- WHAT THE TASK REQUIRES -
In your reply, repeat the full listing exactly and leave each picture out.
** GIVEN MATERIAL follows **
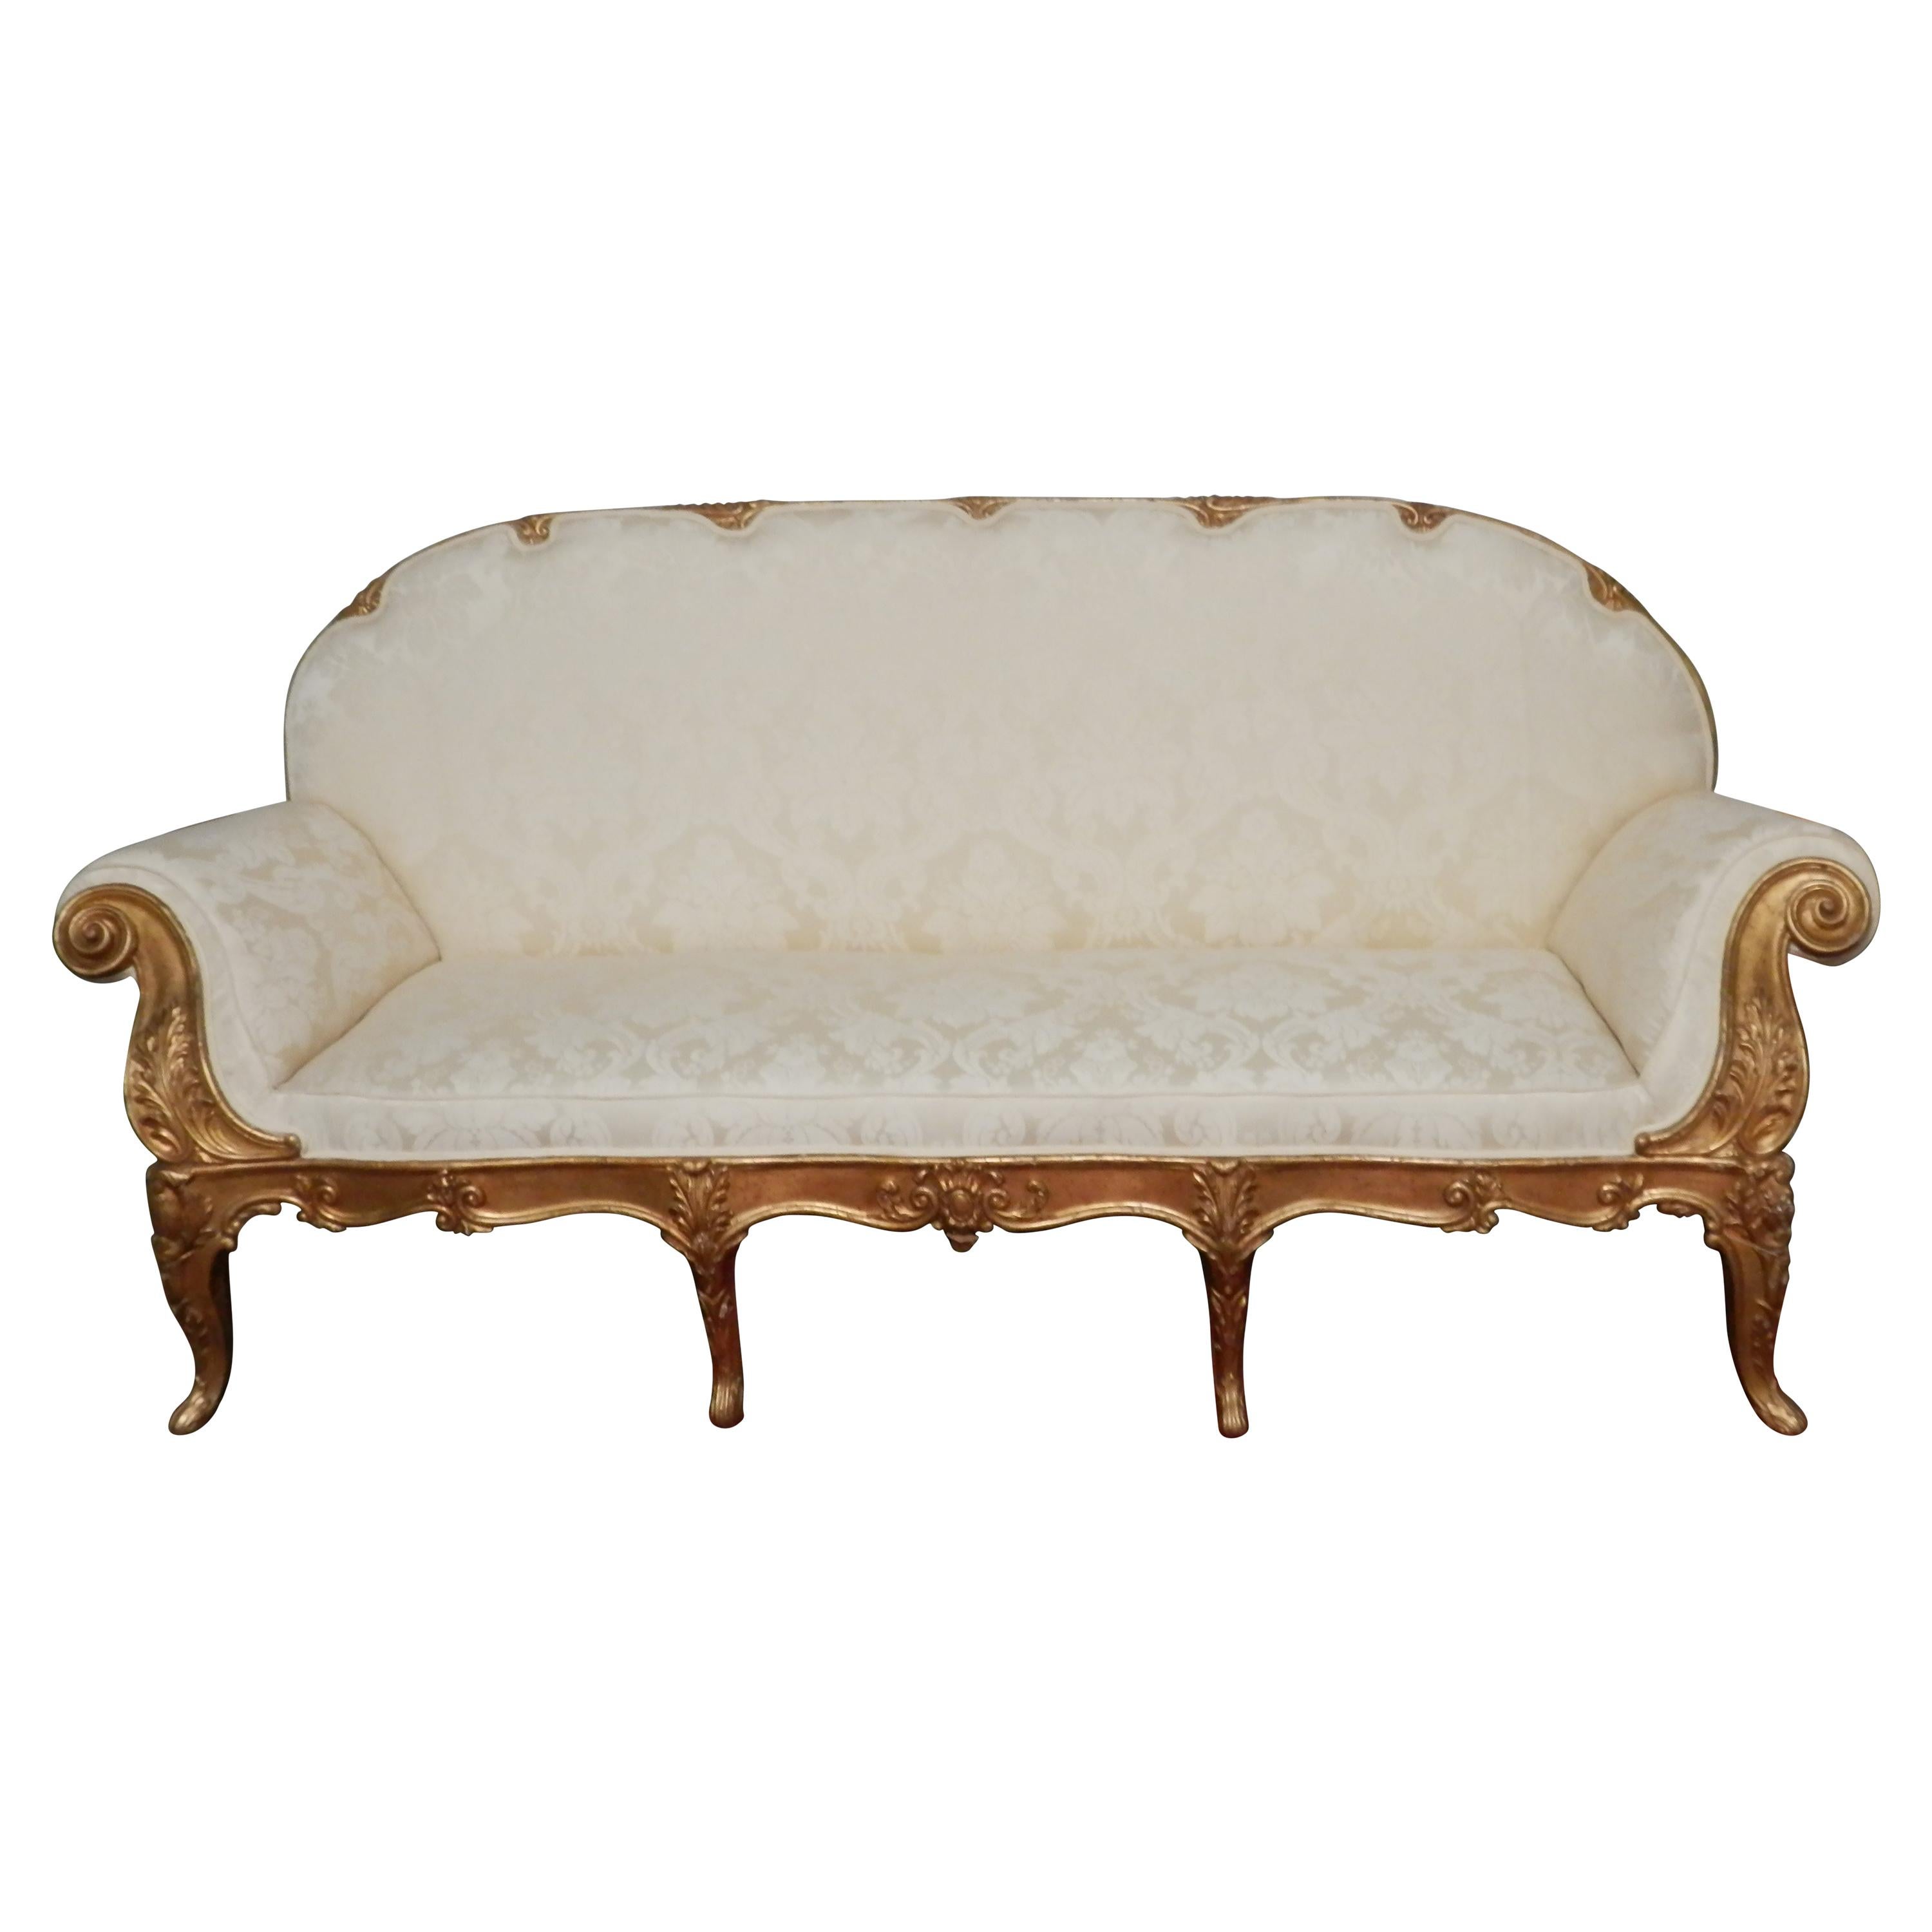 Rare Early 19th Century Italian Louis XV Gilt Carved Sofa
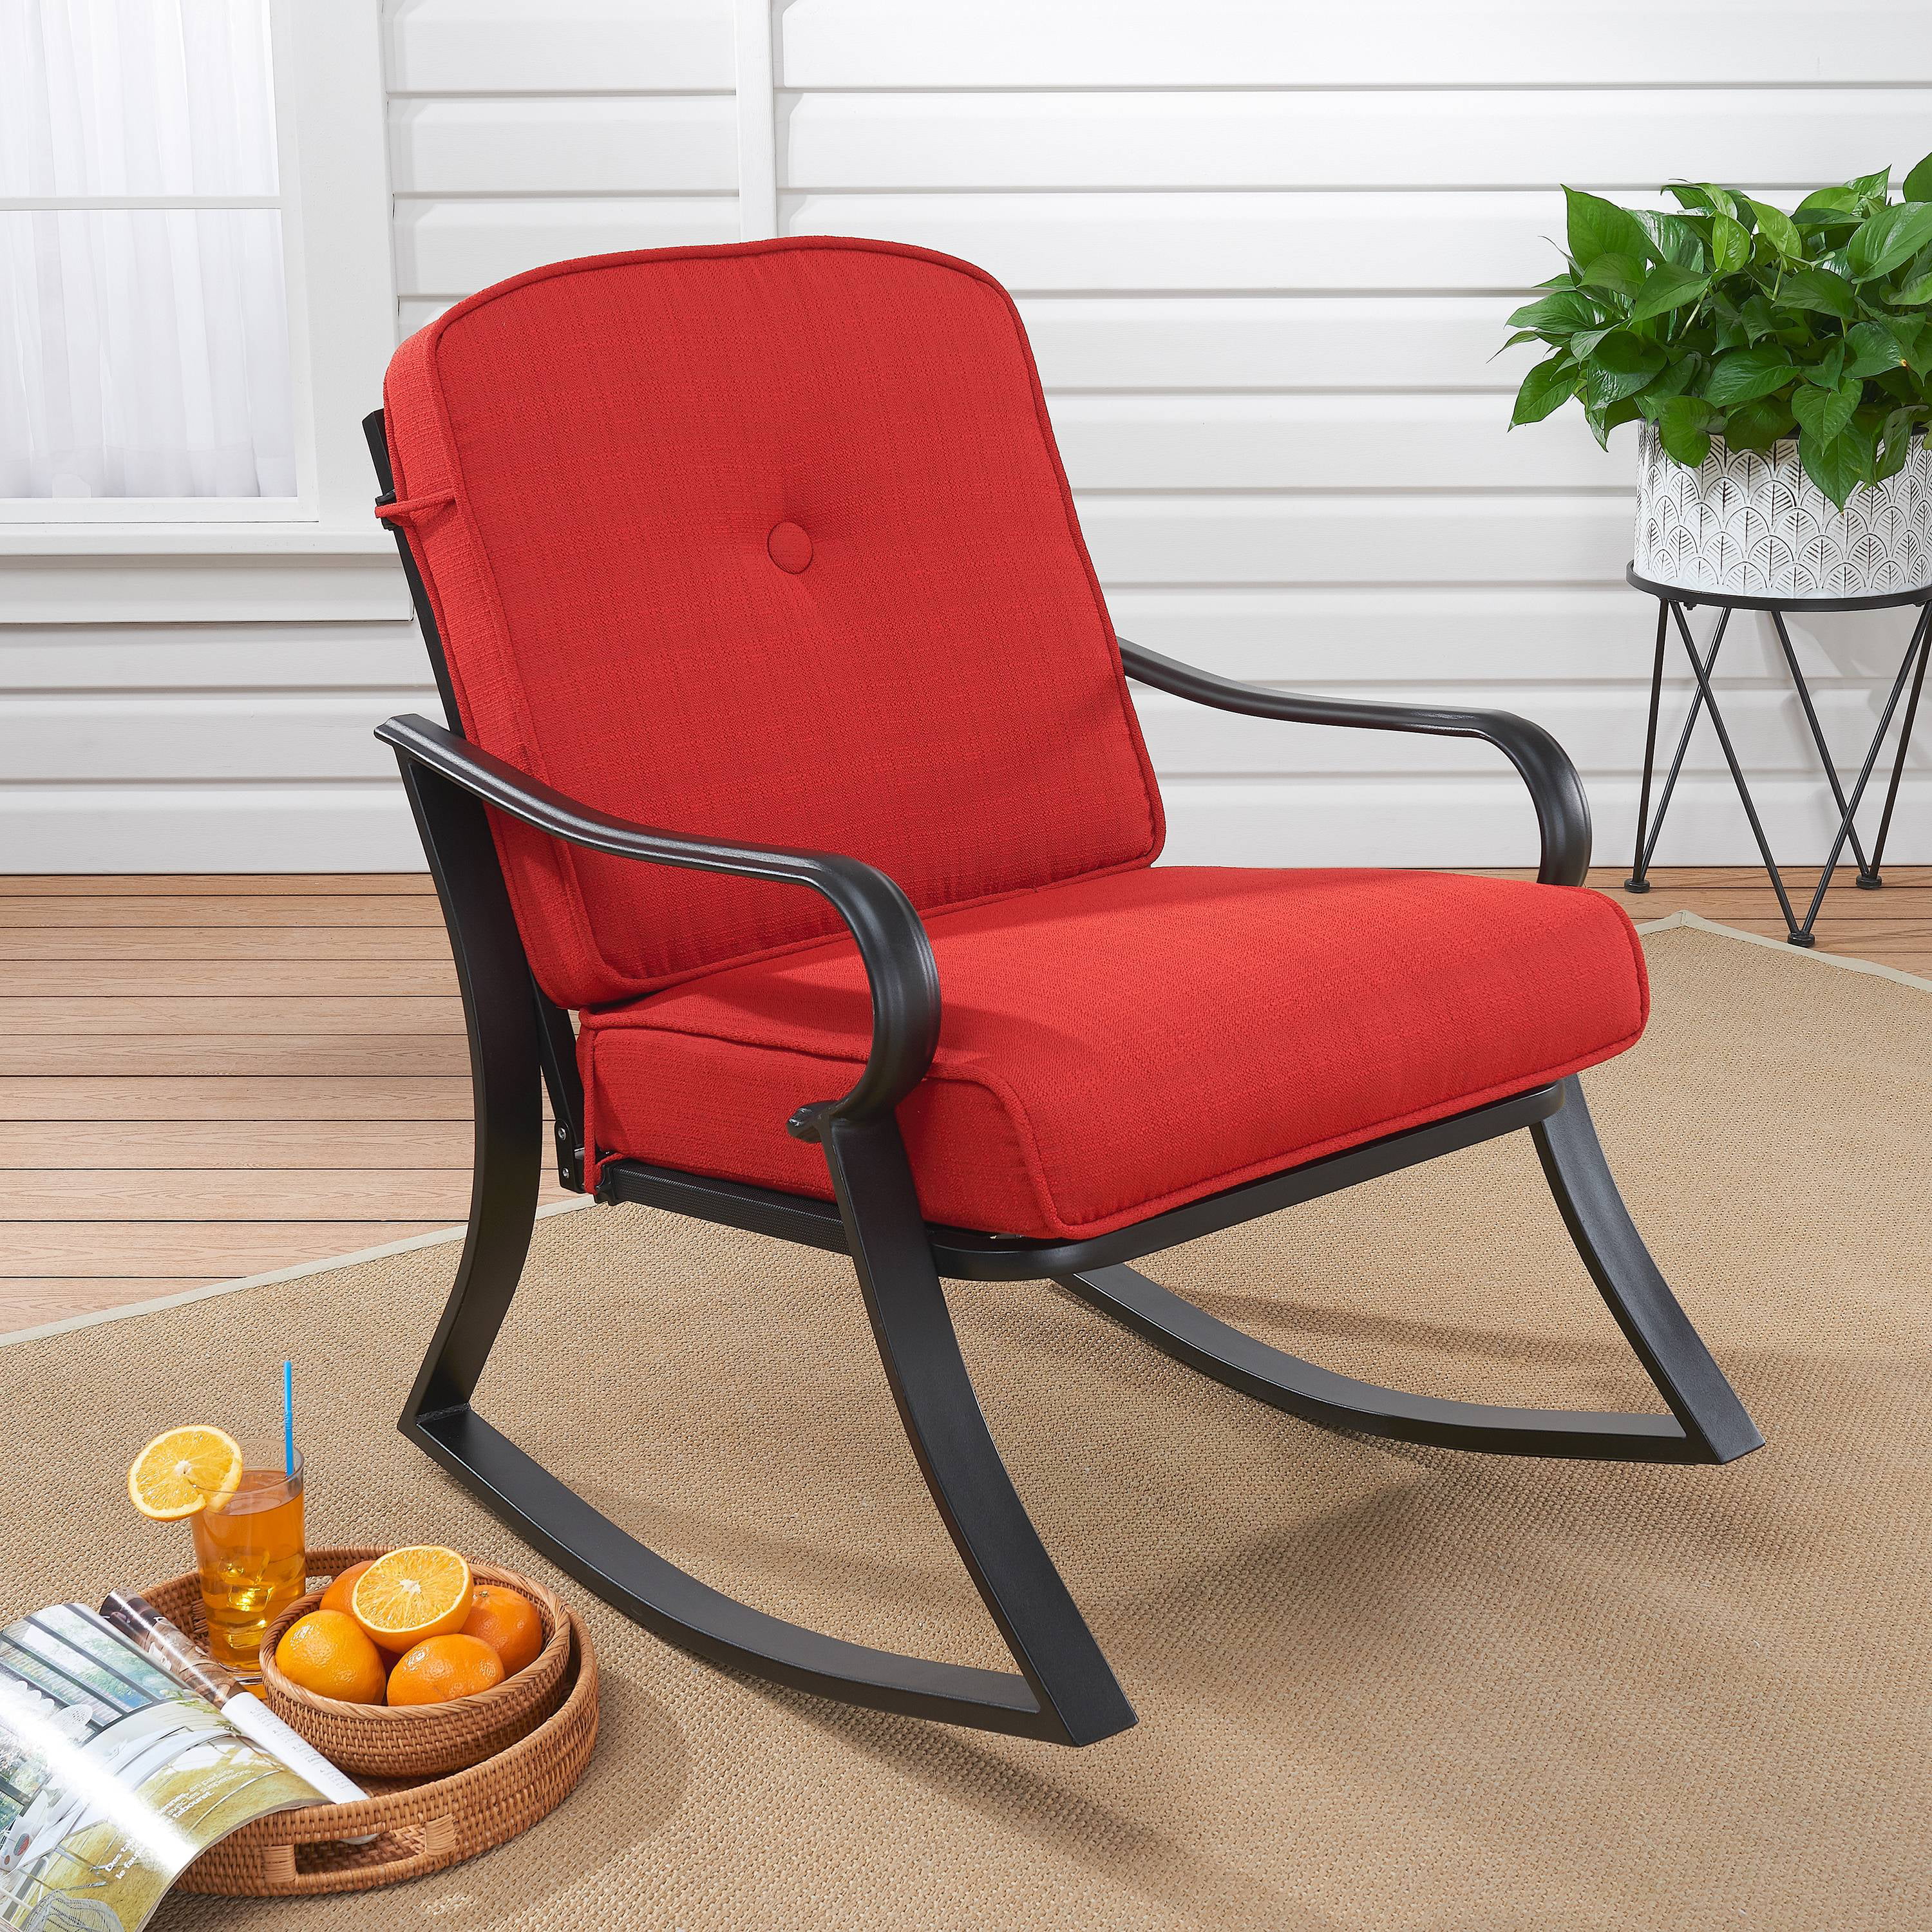 Mainstays Carson Creek Patio Rocking Chair with Brick Red Cushions -
Walmart.com - Walmart.com
** End of GIVEN MATERIAL **
- SOLVED PROBLEM -
 Rare Early 19th Century Italian Louis XV Gilt Carved Sofa
 Mainstays Carson Creek Patio Rocking Chair with Brick Red Cushions -
Walmart.com - Walmart.com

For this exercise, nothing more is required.